- Directed by: Joel Haikali
- Starring: Patrick Hainghono
- Release dates: October 28, 2010;
- Running time: +88 minutes
- Country: Namibia
- Languages: English, Afrikaans, Ovambo

= My Father's Son (film) =

2010 Namibian film directed by Joel Haikali

My Father's Son is a 2010 Namibian comedy film directed by Joel Haikali. It stars Panduleni Hailundu, Patrick Hainghono, and Senga Brockerhoff. The film explores the cultural clash between urban and rural lifestyles in Namibia, as well as the relationship between modern and traditional values.

== Plot ==

Ngilifa, a successful businessman from the capital city of Windhoek, returns to his native village in Ovamboland, in northern Namibia, after 21 years of absence. He brings along his sophisticated urban wife, who is of a different ethnic background. They seek out his younger brother, who still lives in the village as a cattle herder, to "free" him from the "backward" traditional life.
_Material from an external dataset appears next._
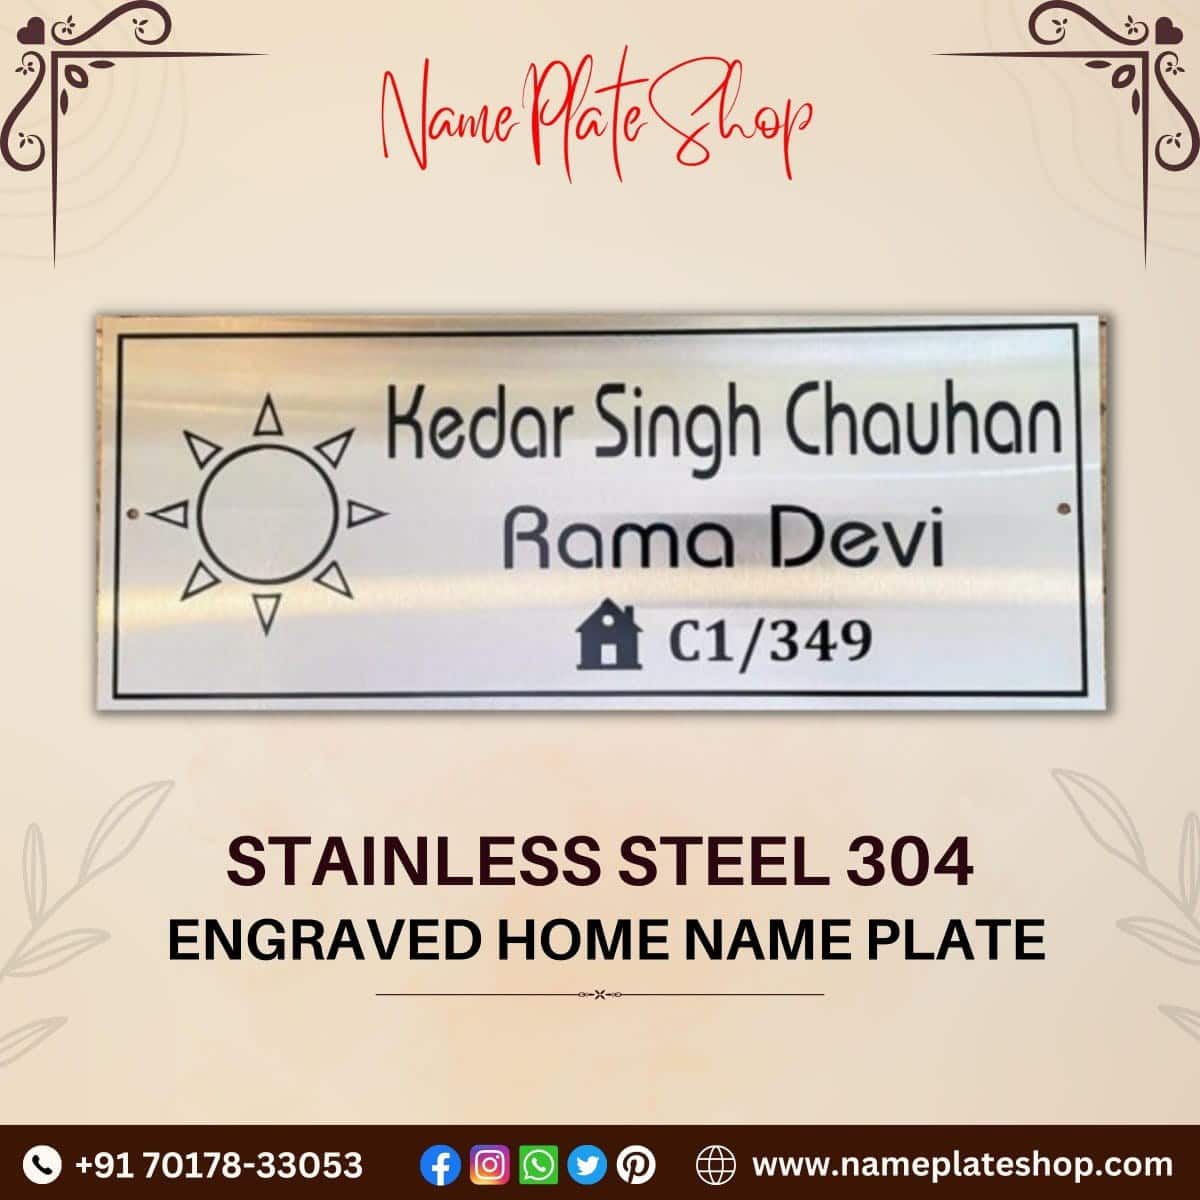 Stainless Steel Home Nameplate 304 Engraved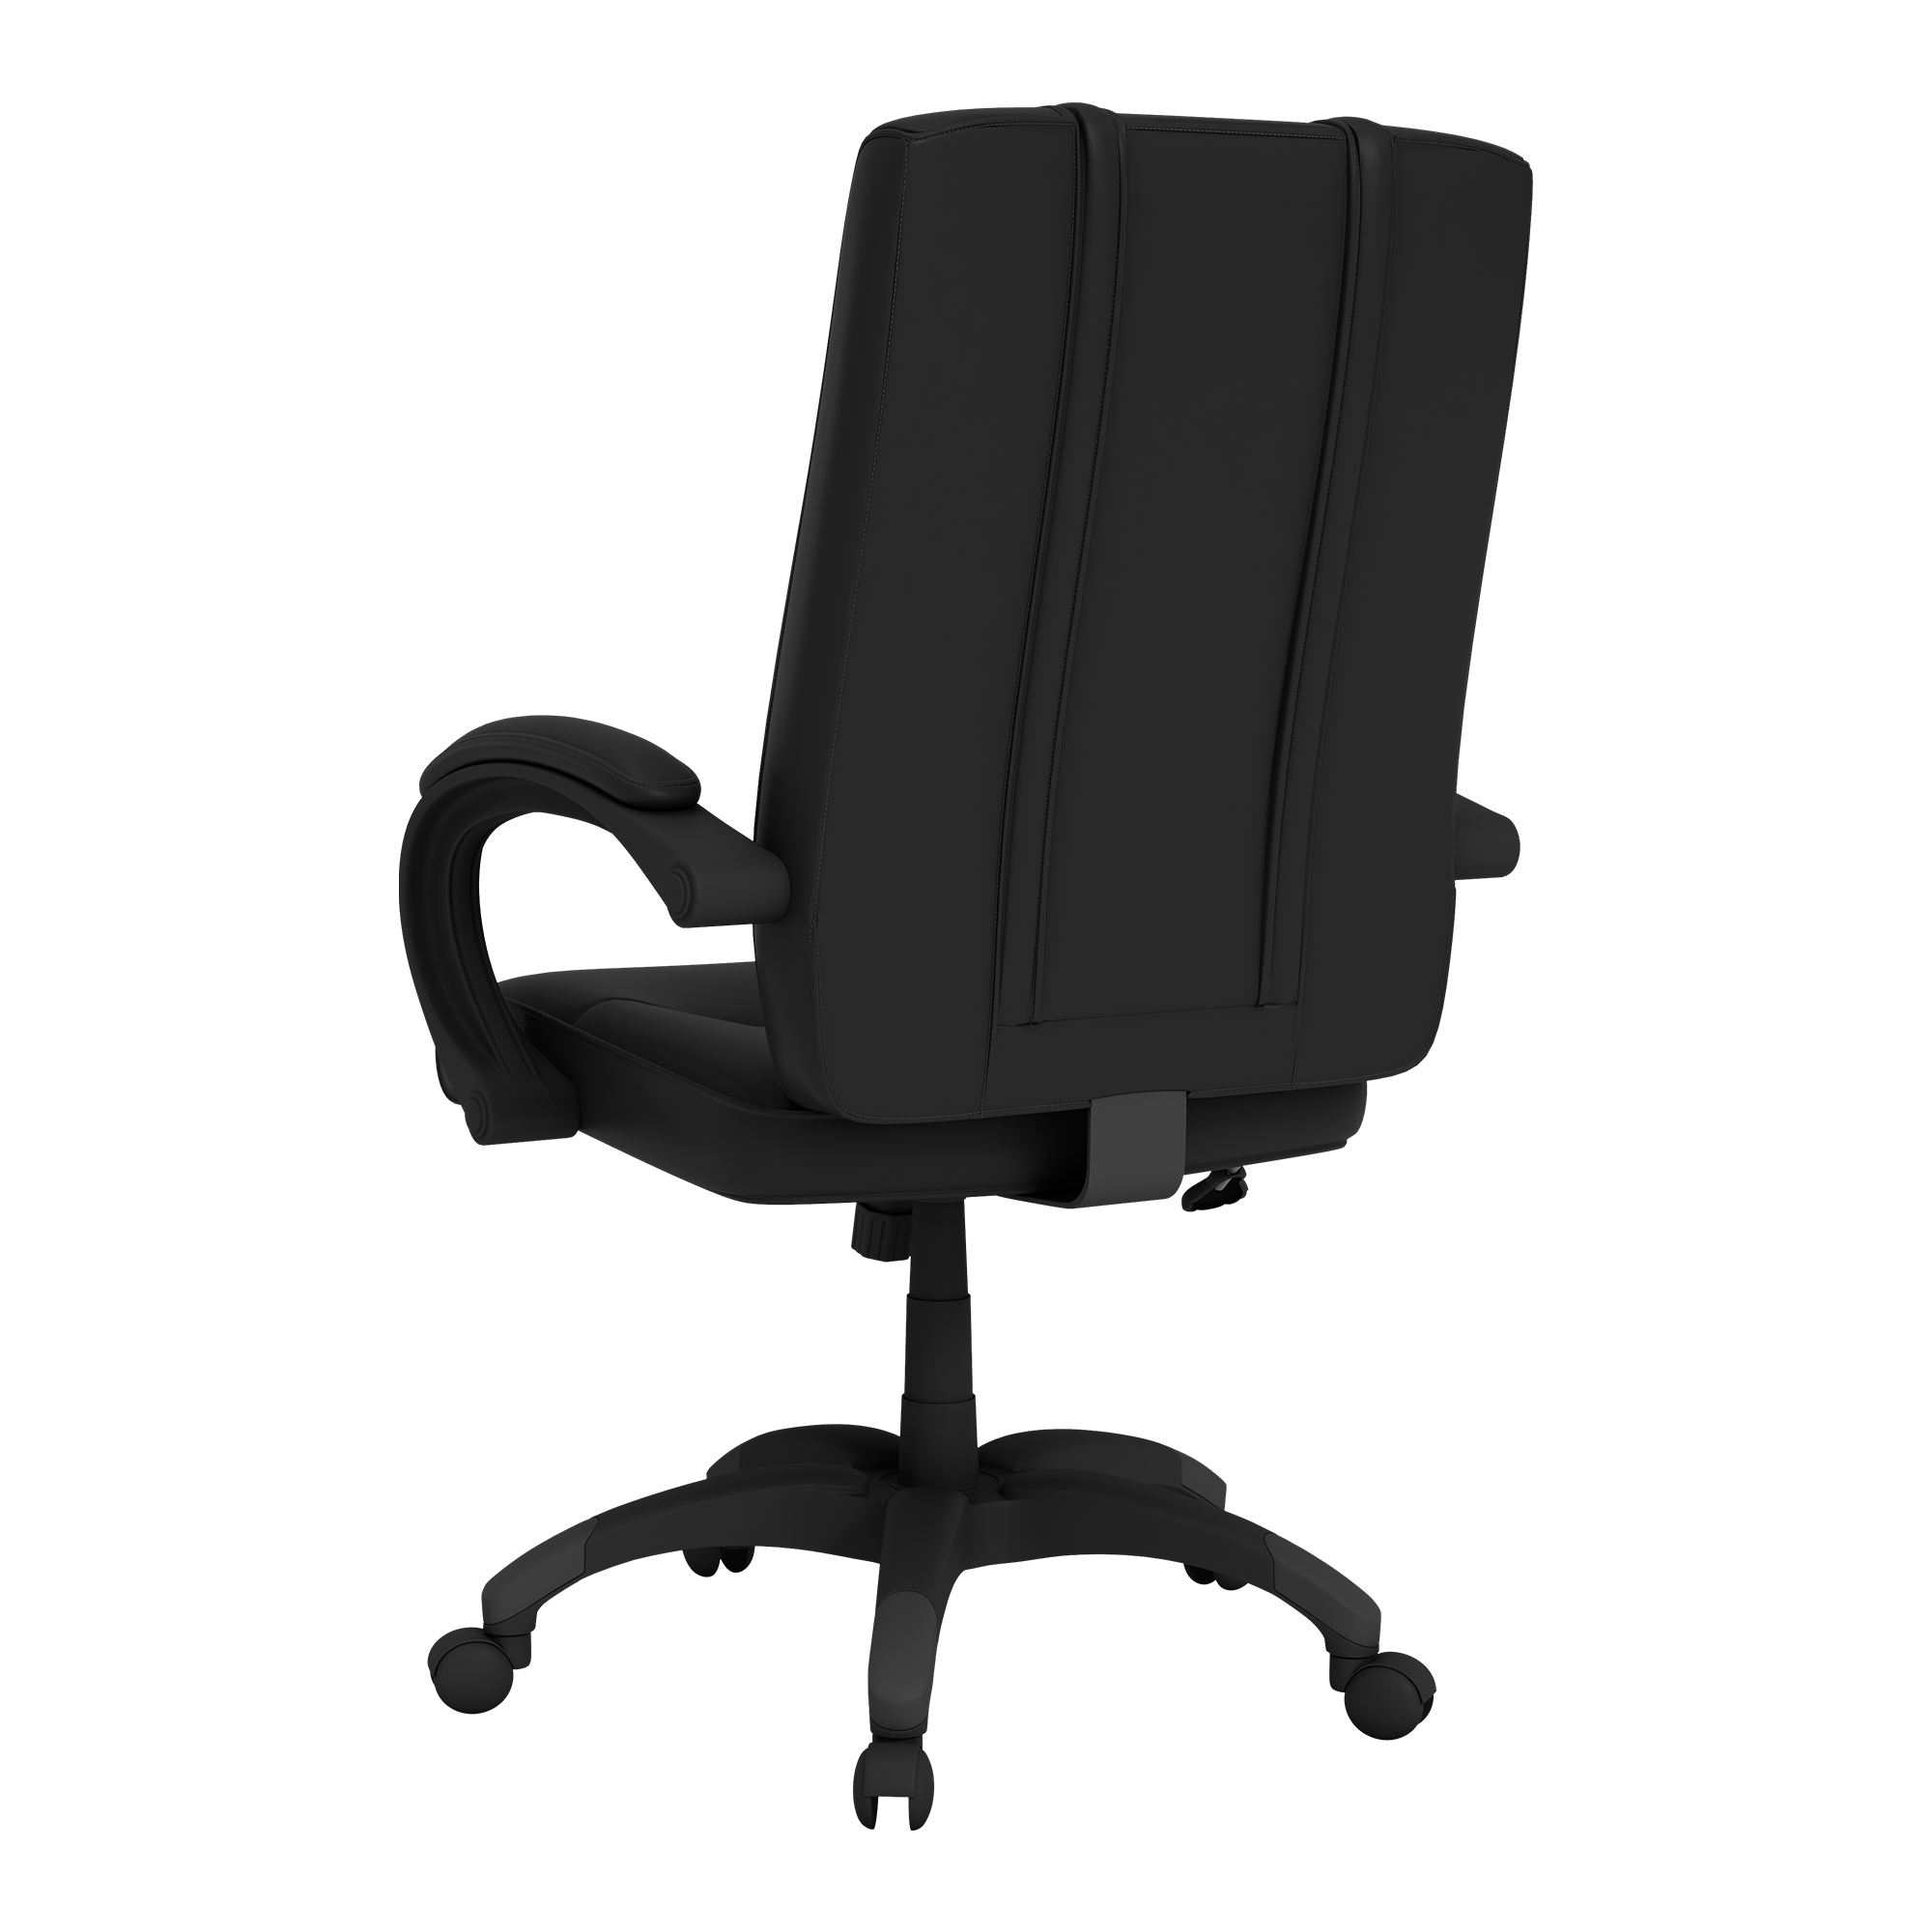 Office Chair 1000 with Pittsburgh Pirates Cooperstown

However, their attempt to persuade him to join them in the city meets with resistance and ridicule from the villagers, who are proud of their customs and heritage. A comedy of culture clash ensues as the film negotiates the relation between the urban worlds of modern Africa and its traditional roots.

== Cast ==

- Panduleni Hailundu as Ngilifa
- Patrick Hainghono as Ngilifa's younger brother
- Senga Brockerhoff as Ngilifa's wife
- Other actors as villagers

== Production ==

The film was produced by Joe Vision Production, a company founded by Joel Haikali, who also wrote and directed the film. The film features dialogue in Oshiwambo, Afrikaans, and English. It was shot in Windhoek and in a rural village in Ovamboland. The film was released in October 2010 in Namibia.

== Reception ==

The film received positive reviews from critics and audiences, who praised its humor, social commentary, and cultural representation. The film was nominated for the Best Feature Film award at the 2011 Namibian Film Awards. The film was also screened at various international film festivals, such as the Pan-African Film Festival, the Durban International Film Festival, and the Africa in Motion Film Festival.